Have you ever noticed that when you have poor sleep, the following day, you eat more, your food choices are higher in fat and carbs (not the good kind either), and your mood, motivation to exercise and patience is generally lower? If this happened on a regular basis how do you think that would impact your life? Have you ever thought about it? Or are you on a continuing "daily grind" and not in-tune to your thoughts, energy levels and body?
According to the Sleep Foundation, numerous studies have suggested that restricted sleep and poor sleep quality may lead to metabolic disorders, weight gain, and an increased risk of obesity and other chronic health conditions.
HOW DOES SLEEP AFFECT APPETITE
The neurotransmitters ghrelin and leptin are thought to be central to appetite. Ghrelin promotes hunger, and leptin contributes to feeling full. The body naturally increases and decreases the levels of these neurotransmitters throughout the day, signaling the need to consume calories.
A lack of sleep may affect the body’s regulation of these neurotransmitters. In one study, men who got 4 hours of sleep had increased ghrelin (promoting hunger) and decreased leptin (signaling fullness) compared to those who got 10 hours of sleep. This dysregulation of ghrelin and leptin may lead to increased appetite and diminished feelings of fullness in people who are sleep deprived.
In addition, several studies have also indicated that sleep deprivation affects food preferences. Sleep-deprived individuals tend to choose foods that are high in calories and carbohydrates. Over time this interference with hormone regulation causes low mood, an increase in depression, an increase in stress (and coping mechanisms), a foggy mind, decreased immune system (constantly getting sick), a reduced desire to exercise and a lower energy and endurance capacity.
THE GOOD NEWS
It is in your hands to change this! Just like our children have a "bedtime routine", we adults also benefit in having one. A quality sleep starts in the morning (with a morning an evening routine).
Wake at the same time (preferably with natural light).
Exercise in the morning to wake up your mind and body- even 15 minutes is a good start.
Get direct daylight sun (around 20 mins during the day), to encourage the secretion of natural daytime hormones to get your circadian rhythm on track.
Decrease caffeine during the day and preferably only in the morning.
Drink more water during the day and less at night (so you don't get up during the night to pee).
Eat real, nutritious foods- rich in micronutrients.
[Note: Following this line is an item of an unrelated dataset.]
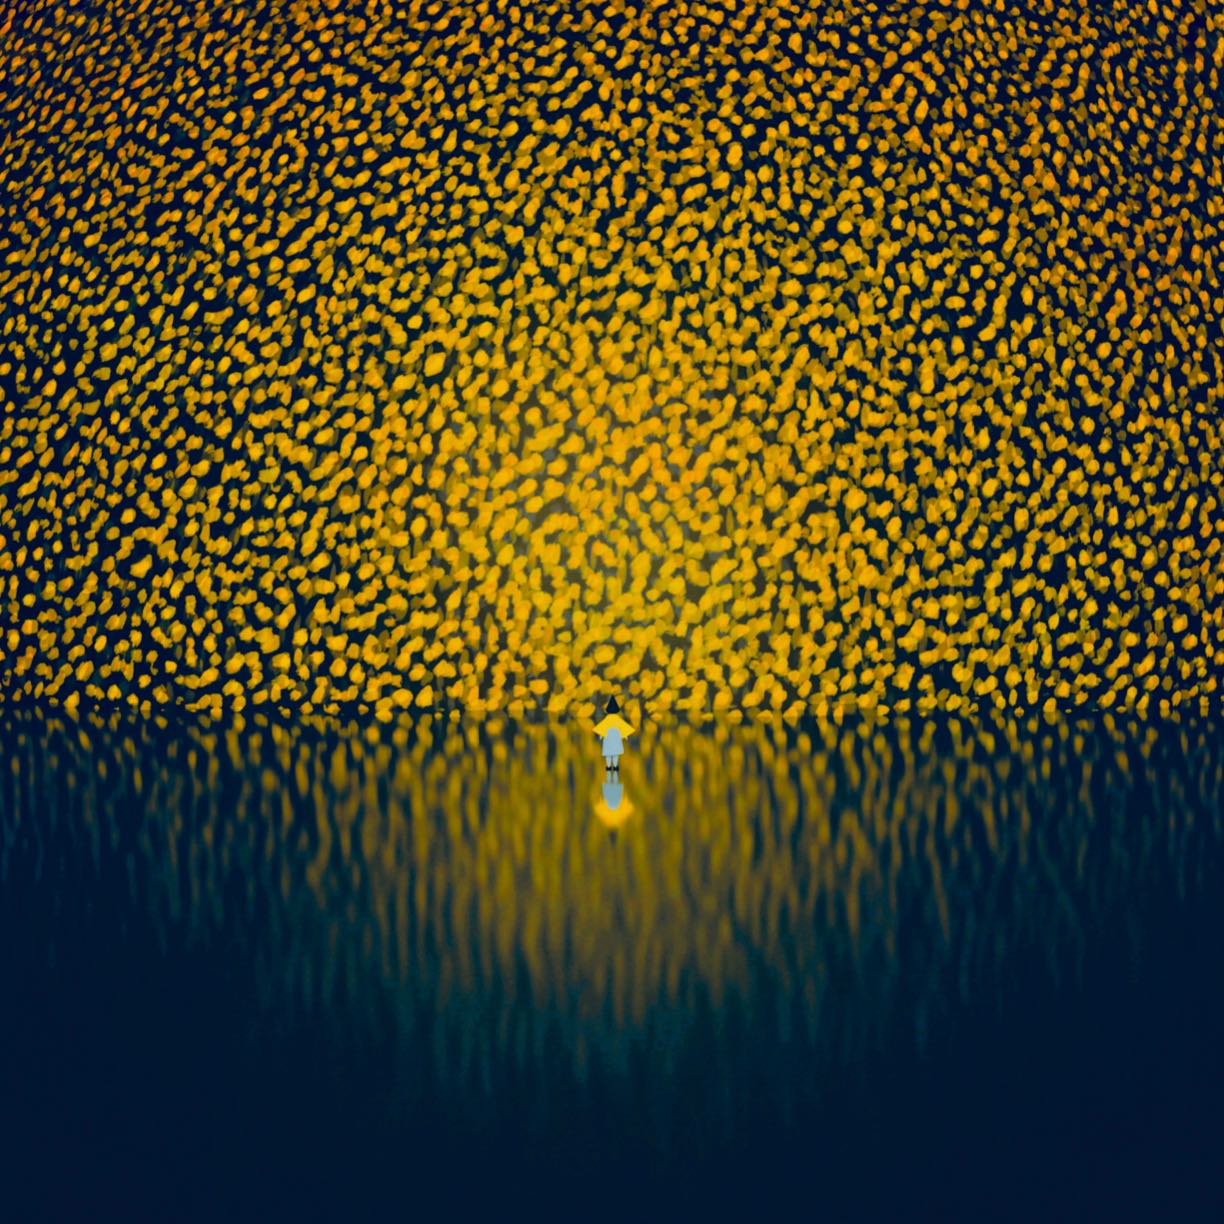 Atsushigraphのデジタルアート作品「Dream Light」の画像です。

Have your main meal during the day and have a smaller dinner at night, preferably earlier in the evening (at least 3 hours before bed), to digest properly.
This is not always achievable but if you start with 1-2 practices and build on it, then it will help. Relaxation before bed is essential to maintain an evening ritual to "switch off". This can include:
Closing all electronics 60-90 minutes before bed. (Yes, this means scrolling social media).
Taking a hot shower or bath
Reading a book
Talking to a loved one (kids or spouse)
A guided "bedtime" meditation
Journaling- anything stressful write it down and also a gratitude journal is a nice practice to do before bed.
Taking a magnesium supplement
Creating a sleep sanctuary in your bedroom- black out blinds, taking out unnecessary electronics (phone, TV, tablet), having a cooler room temperature, dimming the light or changing the bulb to a warmer glow, clean sheets and a supportive pillow can assist also.
If you are struggling at night and you know it affects your life and your ability to function properly the following day, flex your discipline muscle and just get to bed!! If you are currently going to bed at 11:30pm then claim more bedtime back by setting a nightly alarm to start your preparation for sleep and cutting it back by 15 mins every few days. Essential enzymatic repair happens more between the hours of 10pm and 2am, so being in bed by 10pm is ideal.
Another option is to be more organised, get more done during the day and on weekends. Have a daily plan and execute to create freedom at night.
Boring maybe, but it works....it is called being an adult and looking after your health and wellbeing.